Les pairs du chevalier à terre s’agitent. Leurs chevaux sont harnachés dans la hâte par des écuyers d’une froideur monacale. Les cris de leur maître semblent glisser sur eux, sans jamais les atteindre. Un nouveau cavalier se présente en tête de piste. La lance déjà en place, il attend Gorneval, concentré, prêt à rendre sa justice, celle d’un chevalier trop imbu de lui-même pour prendre le prince Ogrin au sérieux. Sans jamais retirer son heaume, le jeune Roi se penche et ramasse le bouclier du premier vaincu. Il enfourche sa monture avec élégance et rapidité. Il se place à son tour au bout de la piste et lève sa lance. Son souffle se raccourcit à nouveau. La sueur perle sur son front. Ses mains tremblent mais son regard fixe invariablement son adversaire. Sa respiration saccadée, résonne sous son heaume. Le chevalier en face de lui engage la course. Orphée se lance sur la piste à son tour. Lentement, il regarde la lance de son adversaire se baisser. Il estime un point d’impact et projette le sien. Son bras gauche, qui tient le bouclier, ne bouge pas encore. Il sait que tel qu’il est placé, son adversaire à toutes les chances de l’abattre. La course s’accélère. Sa lance pointe l’épaulière gauche du chevalier, juste au-dessus de son bouclier. Il se lève à nouveau et se penche en avant. Au dernier moment, juste avant le choc, il lève son bouclier et modifie imperceptiblement la trajectoire de sa lance. Celle du chevalier percute son boulier, glisse dessus et vient percuter son épaulière. En équilibre, il résiste au choc. Mais le preux tombe, terrassé par un coup de génie de Gorneval qui lui arrache le brassard et l’épaulière puis le désarçonne.

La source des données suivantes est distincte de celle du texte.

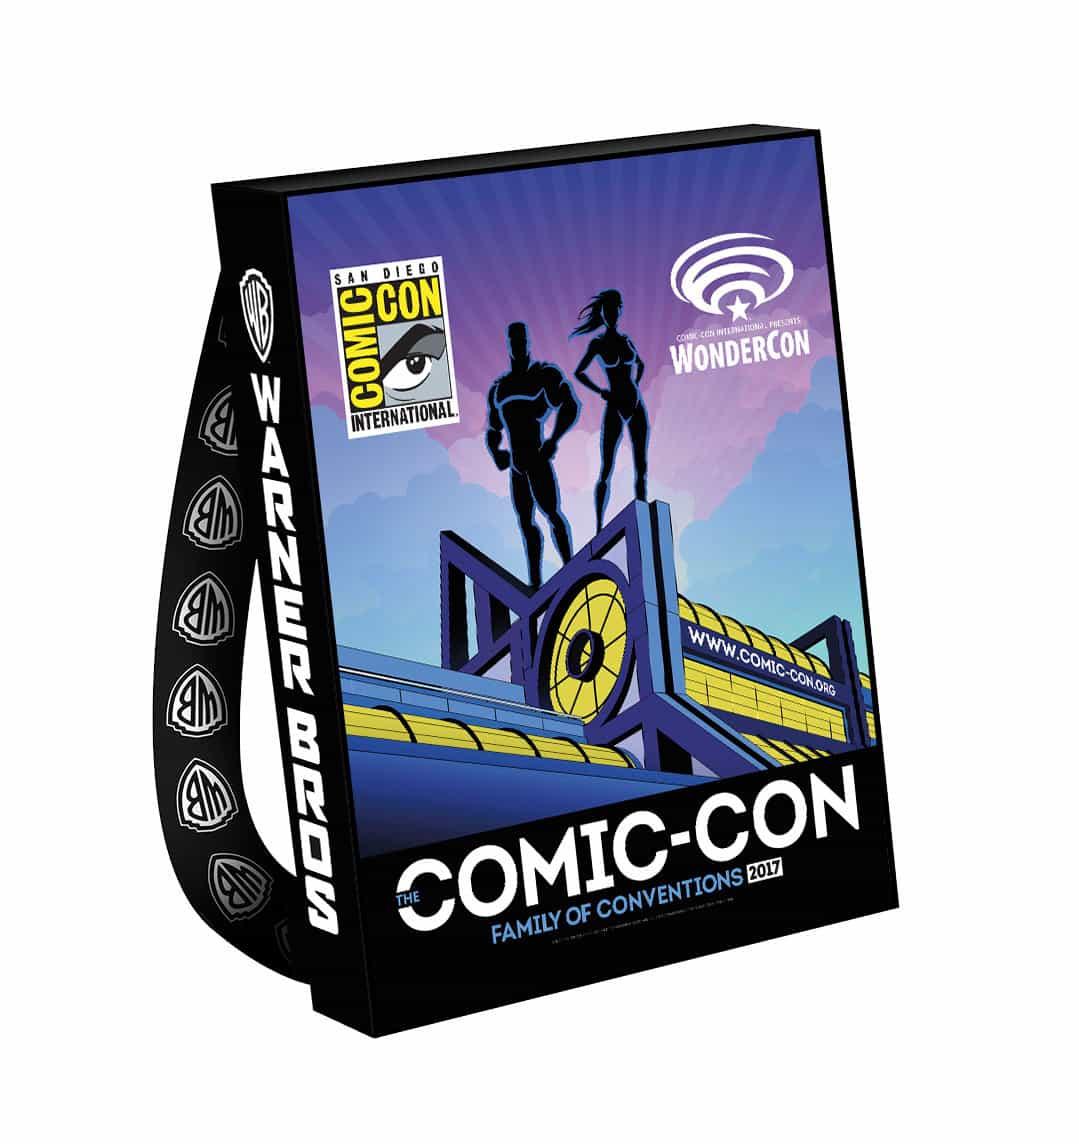 SDCC17 Bag Comic Con International

Orphée s’arrête le plus rapidement possible. Ses sabots dérapent sur la terre battue de la piste et manque d’entraîner son cavalier dans sa chute. Il se retourne et voit que le preux est à terre. Il frappe violemment le sol de son gantelet ensanglanté. Son épaule est ouverte. Mais le regard d’Ogrin ne se détourne pas. Il reste figé sur cette blessure. Impassible et immobile, le jeune Roi contemple son œuvre avec un délice malsain qu’il ne se connaît pas. Sa froide détermination ressemble à une farouche volonté de tuer. Gorneval est comme tous ces chevaliers tueurs, instinctivement dressé pour abattre, défier la mort et entraîner tous ceux qui ne s’inclinent pas, avec elle. Dans une armure, il n’est plus lui-même. Il devient le prince Ogrin, celui qui tue, qui ne s’apitoie sur rien ni personne, le chevalier que Périnis lui apprend à devenir, un chevalier sans cœur ni sentiment.